• _What needs to be done_: Starting at the line that contains "Colour: Multicolour" in the listing below, write out every line word for word until you have written the line that contains "Package Includes: Barbie".

• _Recorded information_:
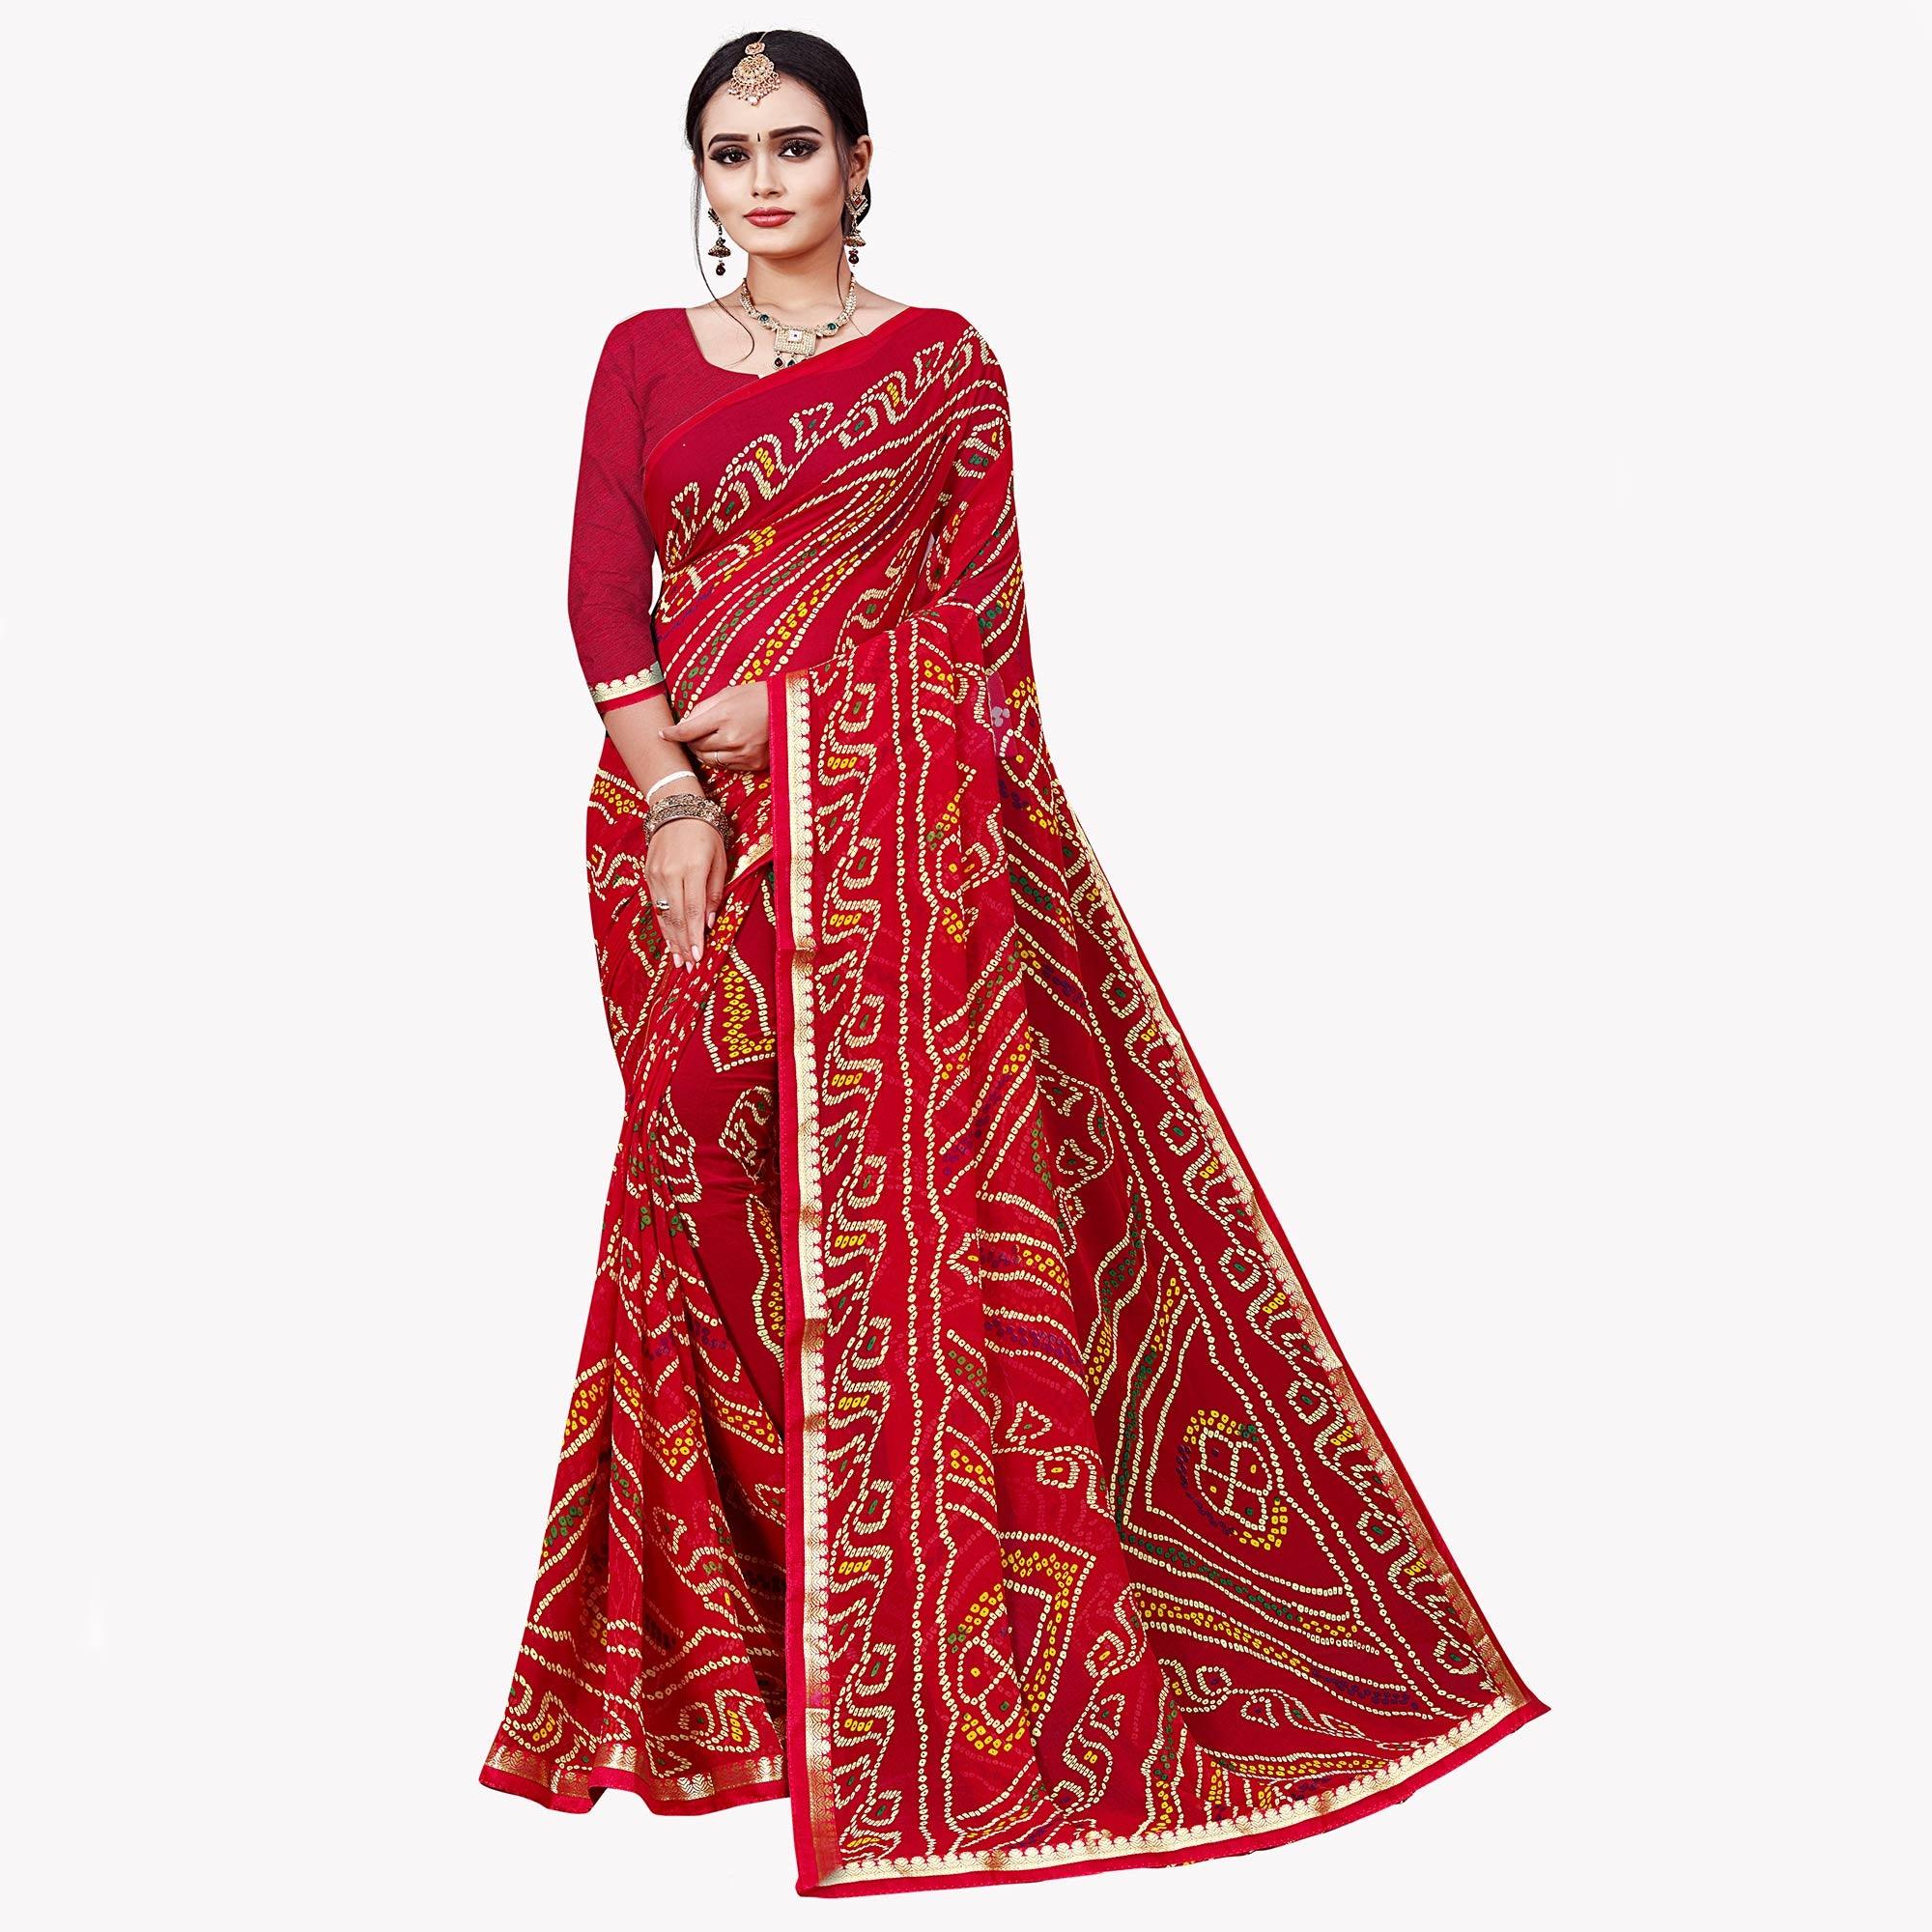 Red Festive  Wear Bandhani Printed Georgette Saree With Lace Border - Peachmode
* * *
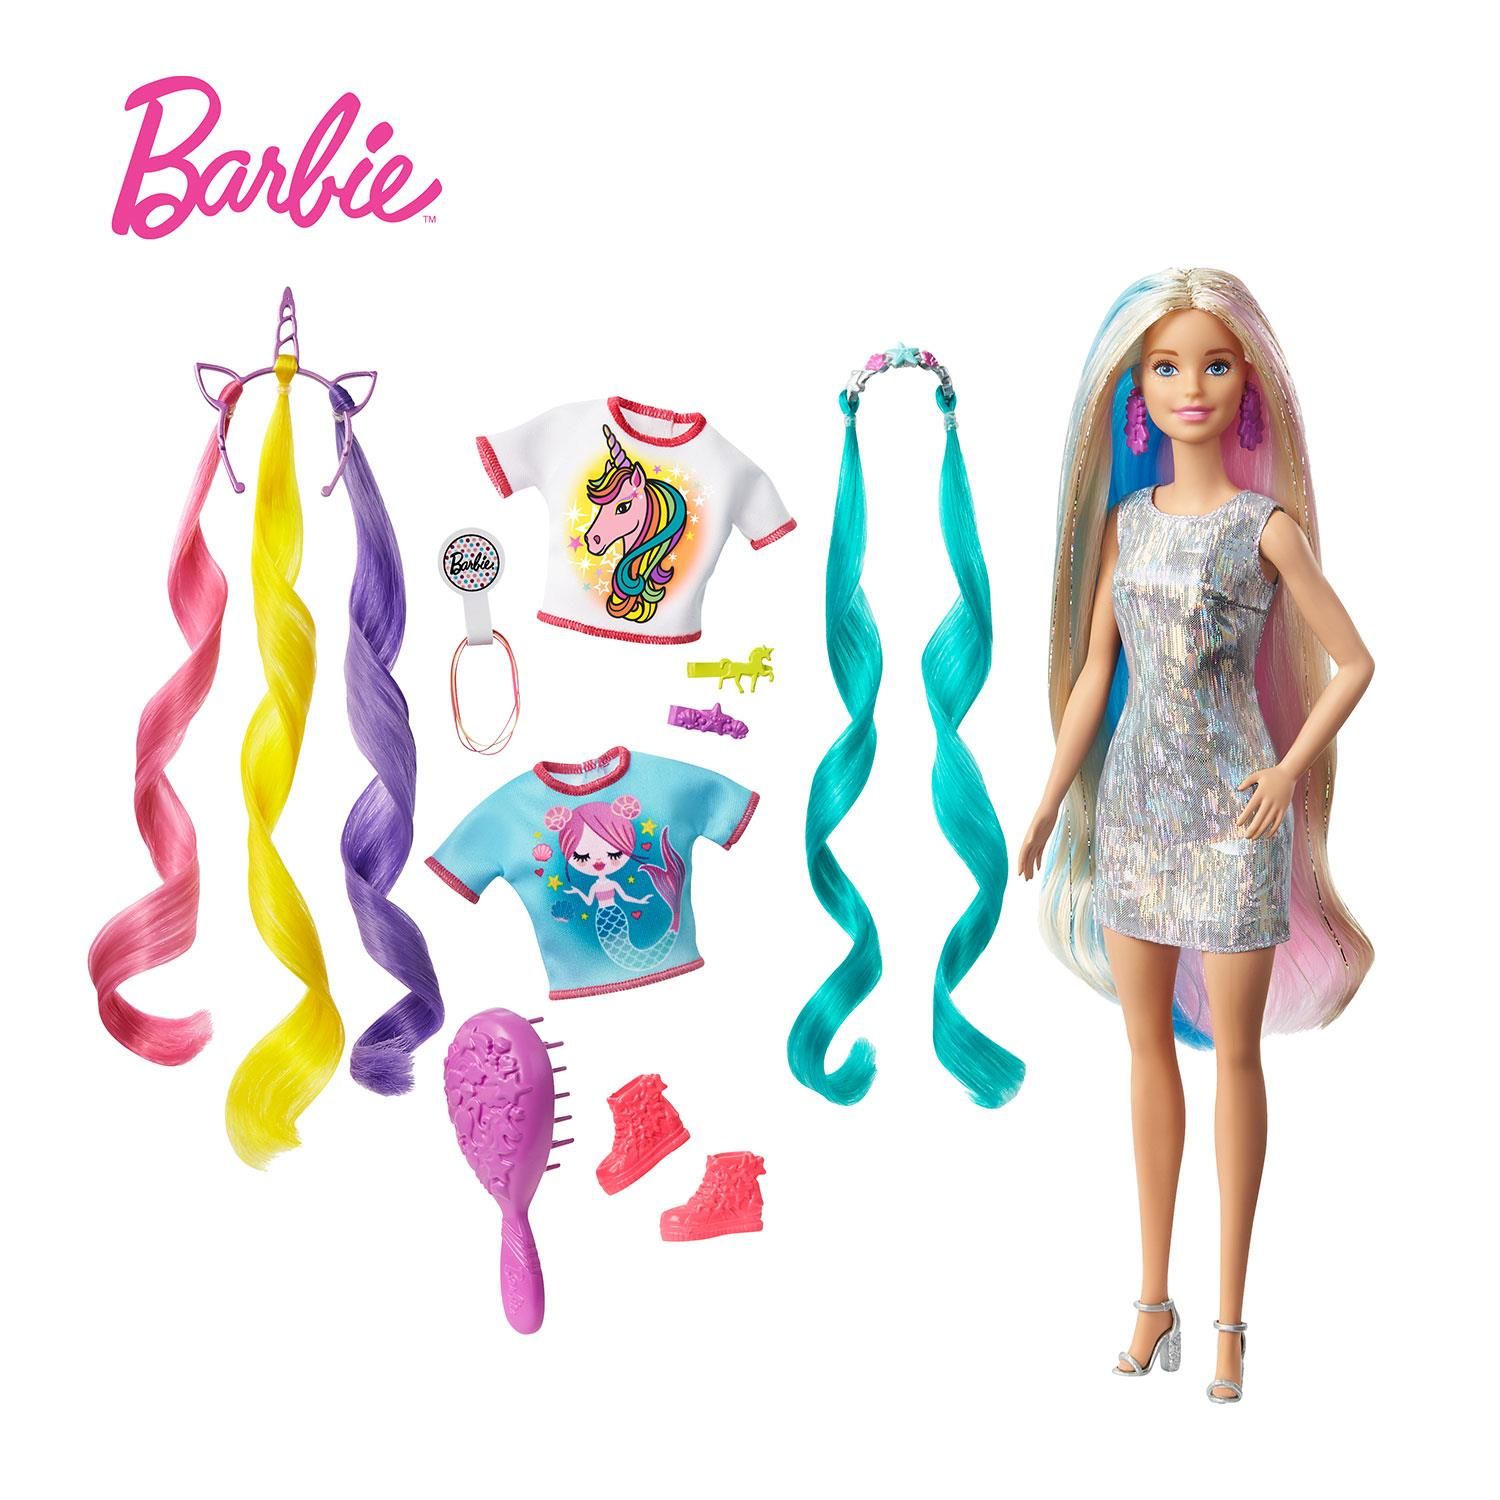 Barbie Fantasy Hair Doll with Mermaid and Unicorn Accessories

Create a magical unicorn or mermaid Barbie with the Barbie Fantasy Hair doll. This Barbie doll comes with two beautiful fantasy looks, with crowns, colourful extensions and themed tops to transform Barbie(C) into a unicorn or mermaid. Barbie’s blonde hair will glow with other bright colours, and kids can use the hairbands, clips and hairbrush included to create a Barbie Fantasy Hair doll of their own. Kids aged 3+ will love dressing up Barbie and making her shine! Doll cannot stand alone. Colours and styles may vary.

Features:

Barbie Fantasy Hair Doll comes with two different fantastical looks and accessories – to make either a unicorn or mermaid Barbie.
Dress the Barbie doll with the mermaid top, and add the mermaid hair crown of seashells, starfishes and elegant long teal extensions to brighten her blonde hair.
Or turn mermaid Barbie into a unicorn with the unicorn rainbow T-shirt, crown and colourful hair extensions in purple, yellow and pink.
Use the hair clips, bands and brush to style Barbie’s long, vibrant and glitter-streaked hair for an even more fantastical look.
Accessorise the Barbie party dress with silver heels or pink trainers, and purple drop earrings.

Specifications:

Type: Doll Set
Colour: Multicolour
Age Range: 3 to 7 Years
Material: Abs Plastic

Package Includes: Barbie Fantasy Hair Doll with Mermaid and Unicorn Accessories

• _Answer section_:
Colour: Multicolour
Age Range: 3 to 7 Years
Material: Abs Plastic

Package Includes: Barbie Fantasy Hair Doll with Mermaid and Unicorn Accessories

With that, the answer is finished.